When you talk about free RAM, it's a lot more meaningful to include cache, because it practically is free - it's available should any application request it. On Linux, the free command reports it both ways - the first line includes cache in the used RAM column, and the second line includes cache (and buffers) in the free column.
Once you have used up enough memory that there is not enough left for a smooth-running cache, Linux may re-allocate some unused application memory from RAM to swap in order to regain some memory for cache.
It doesn't do this according to a definite cutoff though. It's not like you reach a certain percentage of allocation then Linux starts swapping. It has a rather “fuzzy” algorithm. It takes a lot of things into account, which can best be described by “how much pressure is there for memory allocation”. If there is a lot of “pressure” to allocate new memory, then it will increase the chances some will be swapped to make more room. If there is less “pressure” then it will decrease these chances.

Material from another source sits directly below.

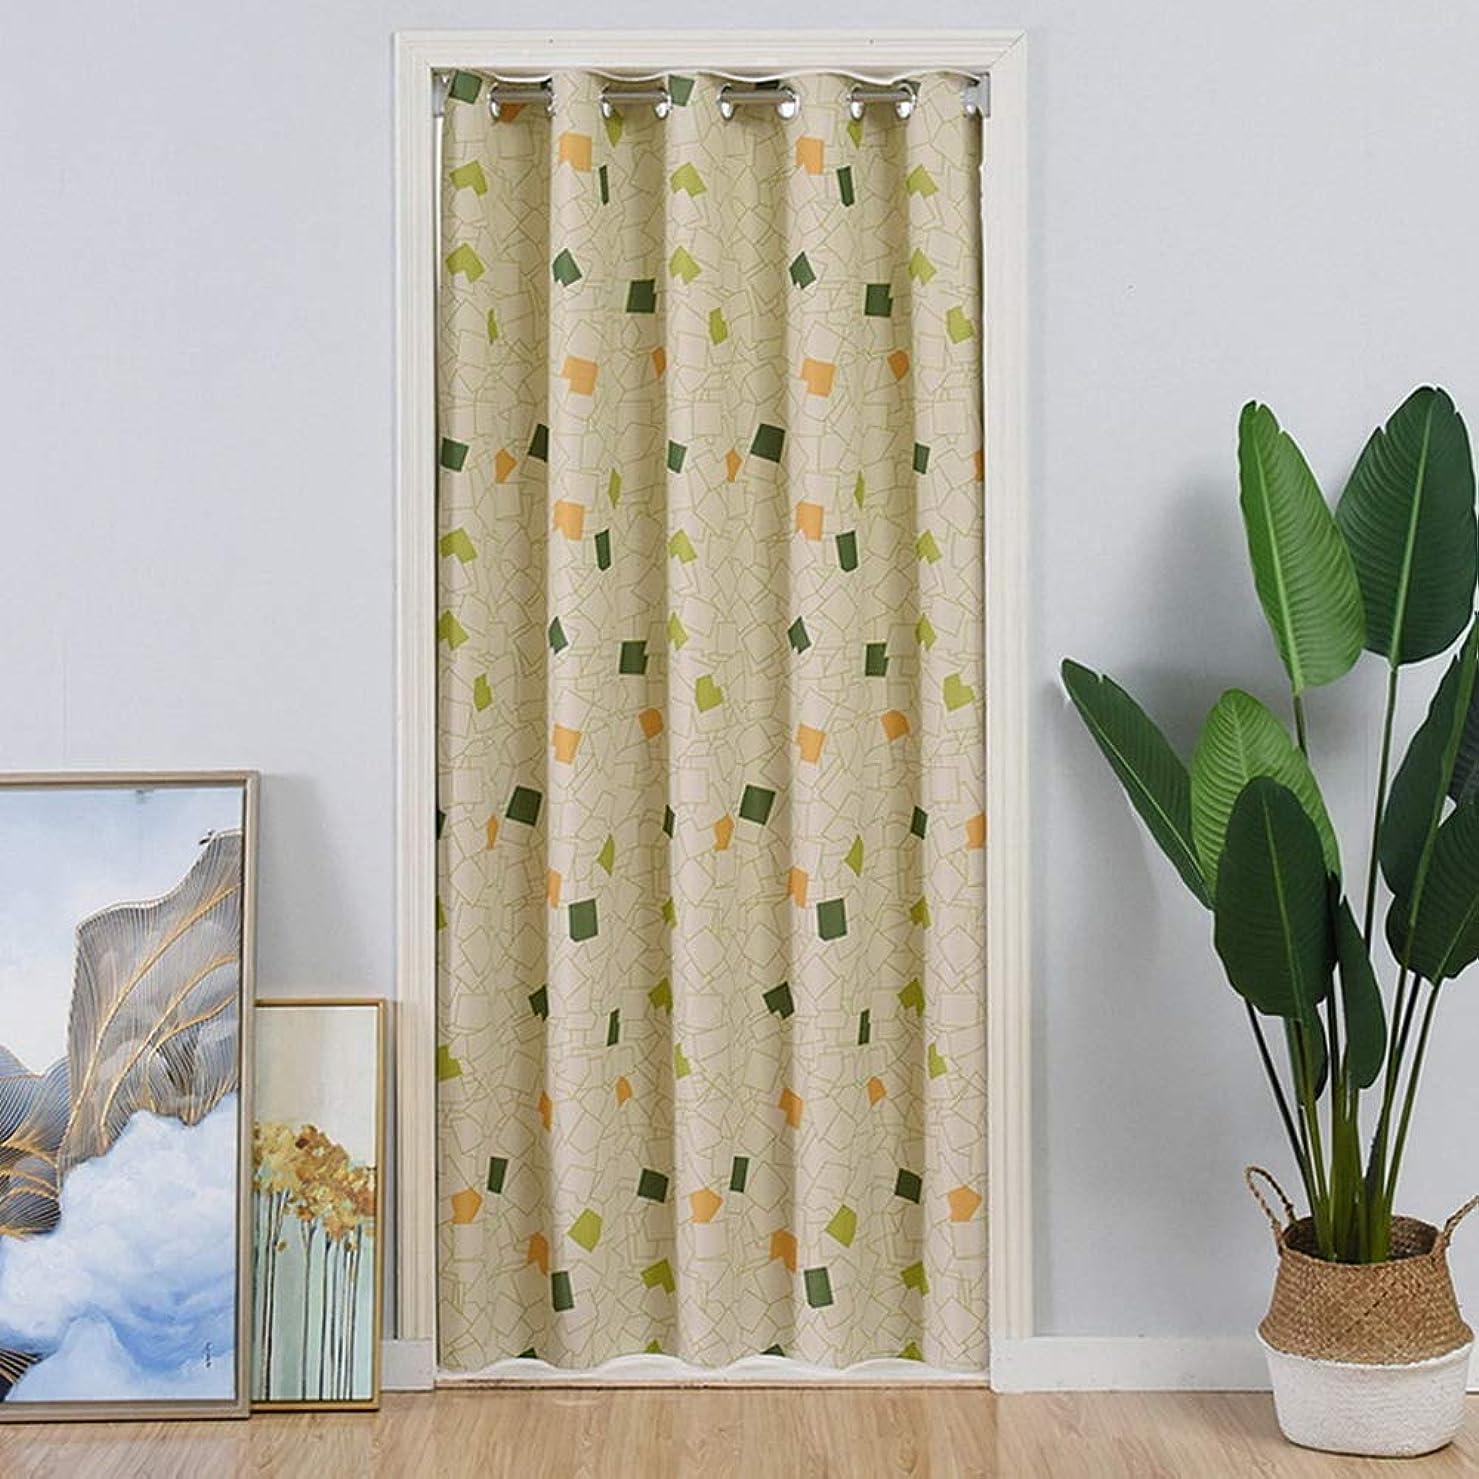 カラースクエア カントリーカーテン 遮光カーテンの印刷 戸口用グロメットドレープ ルームダークニング 断熱 エネルギー効率 ベイウィンドウのウィンドウ処理 間仕切り1枚組幅100*丈200CM

Your system has a “swappiness” setting which helps you tweak how this “pressure” is calculated. It's normally not recommended to alter this at all, and I would certainly never recommend you alter it. Swapping is overall a very good thing - any occasional performance penalties are intended to be offset by a gain in overall system responsiveness and stability for a wide range of tasks. If you reduce the swappiness, you let the amount of cache memory shrink a little bit more than it would otherwise, even when it may really be useful. You therefore risk slowing down your computer in general, because there is less cache, while memory is being taken up by applications that aren't even using it. Whether this is a good enough trade-off for whatever specific problem you're having with swapping is up to you. If you go further than this and actually disable swapping, you risk system instability in the event that the system runs out of memory for processes.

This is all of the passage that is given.